Nitrogen: importance and Lewis structure
The chemical properties of Nitrogen
Nitrogen (N2) is the periodic table's first member in Group 15 (VA). Nitrogen is in a family group named after itself. Other elements in the nitrogen family are phosphorus, arsenic, antimony, and bismuth. Nitrogen is one of the most interesting of all chemical elements. It is a colorless, odorless, tasteless gas that is the most plentiful element in Earth's atmosphere and constituent of all living matter. Nitrogen is an essential macronutrient required for plant growth and development and significantly impacts crop yield and biomass. However, excessive application of N-based fertilizer results in environmental pollution and increases cultivation costs[1].
The element exists as N2 molecules for which the bond energy of 226 kilocalories per mole is exceeded only by carbon monoxide, 256 kilocalories per mole. Because of this high bond energy, the activation energy for the reaction of molecular nitrogen is usually very high, causing nitrogen to be relatively inert to most reagents under ordinary conditions.
A nitrogen atom has an electronic structure represented by 1s22s22p3. The five outer shell electrons screen the nuclear charge quite poorly, showing that the effective nuclear charge felt at the covalent radius distance is relatively high. Thus, nitrogen atoms are relatively small in size and high in electronegativity, being intermediate between carbon and oxygen in both of these properties.
Lewis structure
The Lewis structure of N2 is shown below:
The N2 Lewis structure is crucial because it helps us understand nitrogen molecules' molecular geometry and chemical bonding. By examining the Lewis structure, we can determine the number of bonding pairs and lone pairs of electrons in the molecule. In the case of N2, each nitrogen atom contributes 3 valence electrons to form a triple bond between them. This leaves 2 valence electrons on each nitrogen atom, represented as Lone pair electrons. The Lewis structure of N2 can be visualized as N≡N, with each nitrogen atom having one lone pair.
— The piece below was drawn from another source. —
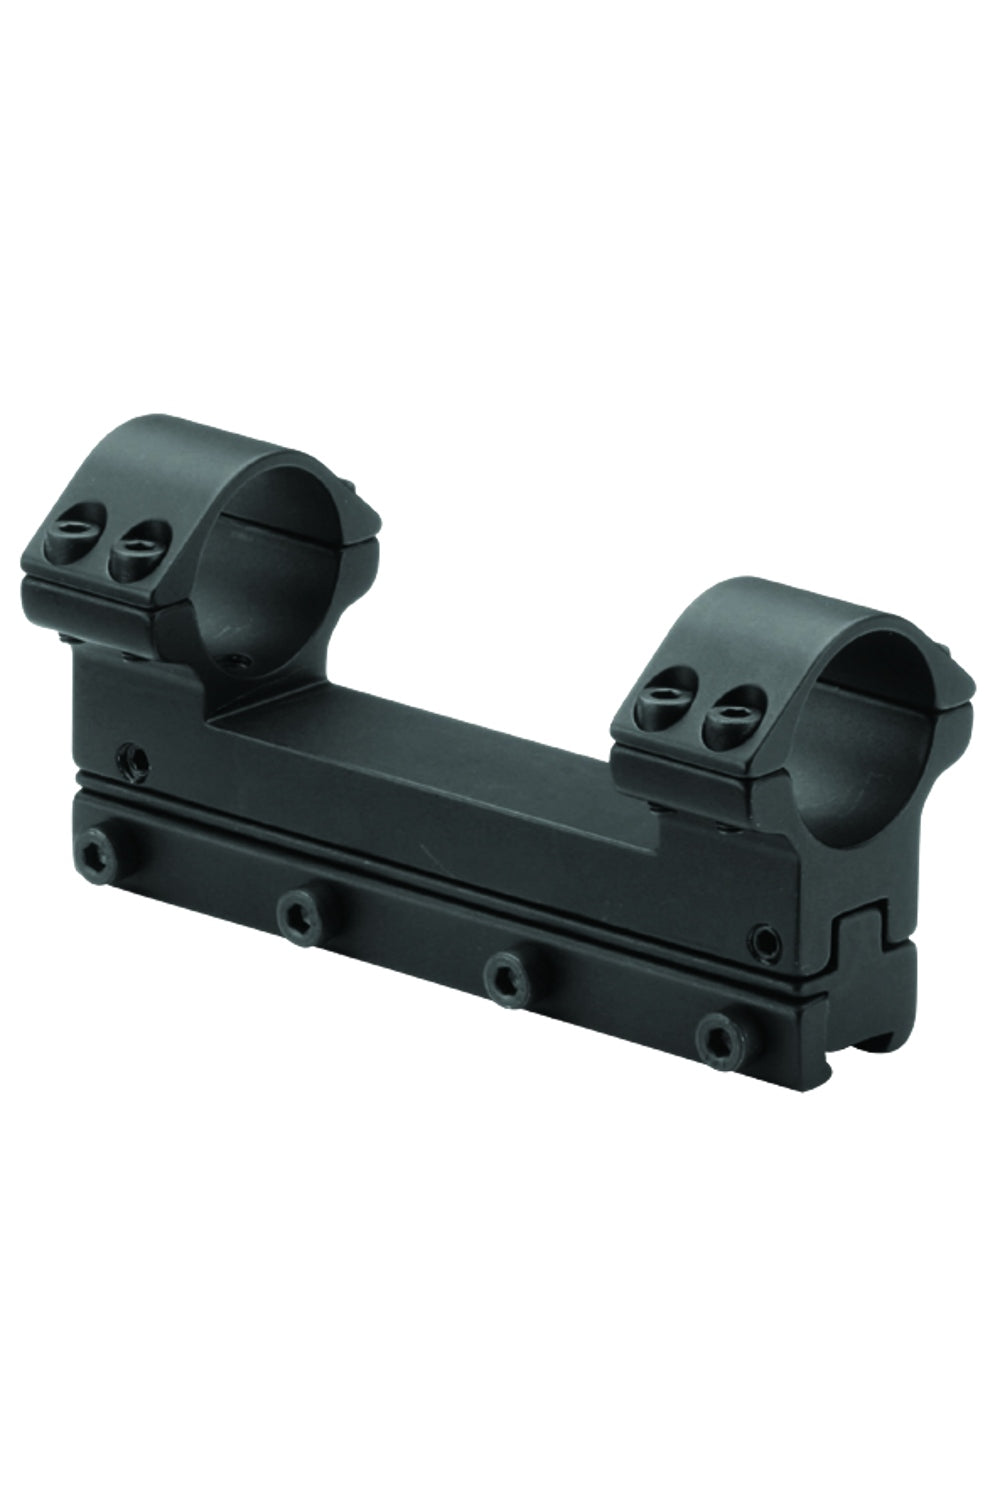 Bisley One Piece Angled Mounts in 25mm high adjustable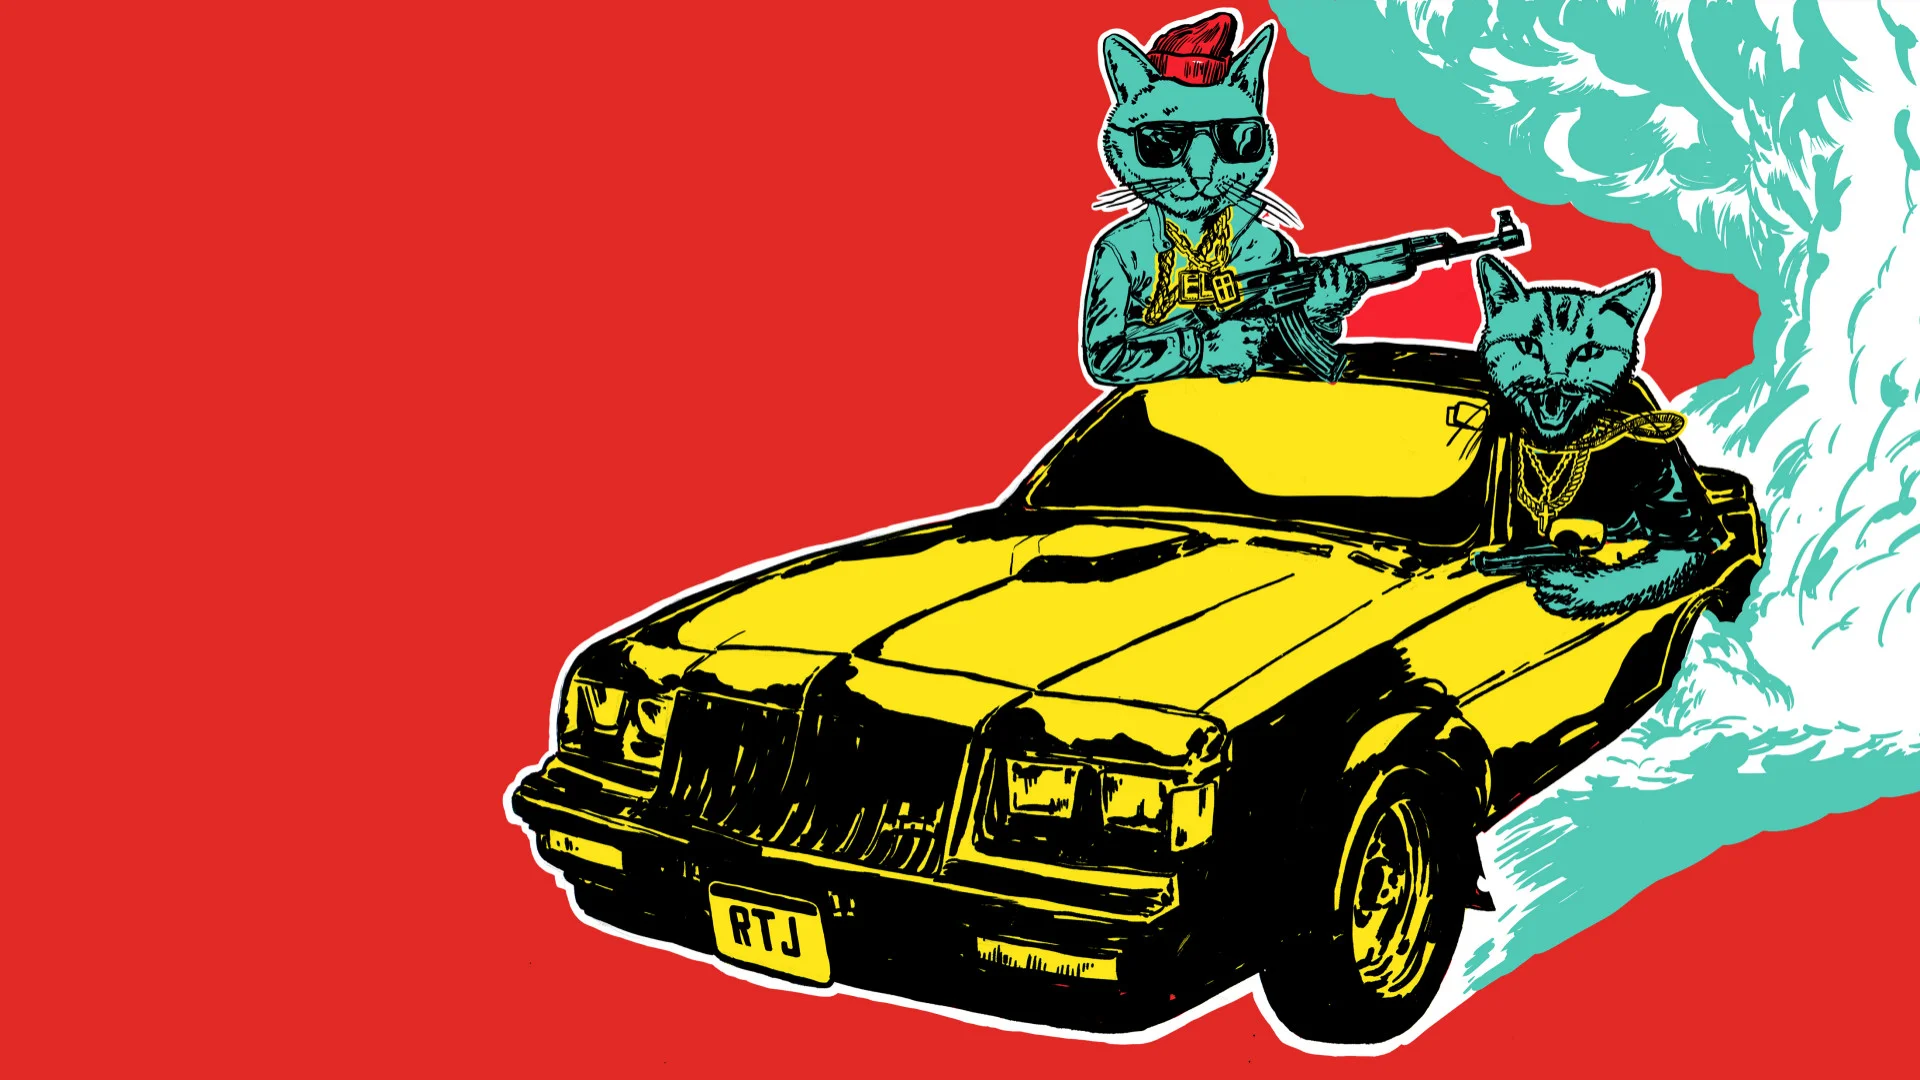 1920x1080RTJ Meow The Jewels

In the case of N2, the triple bond between the nitrogen atoms contributes to the molecule's stability. The sharing of electrons in the covalent bonds allows each nitrogen atom to achieve a stable octet, satisfying the octet rule. This stable electron configuration makes nitrogen molecules relatively inert and less reactive than other elements.
Reference
[1] SeoJun Sung, KimJu-Kon. "Nitrogen molecular sensors and their use for screening mutants involved in nitrogen use efficiency." Plant Science 298 (2020): 110587.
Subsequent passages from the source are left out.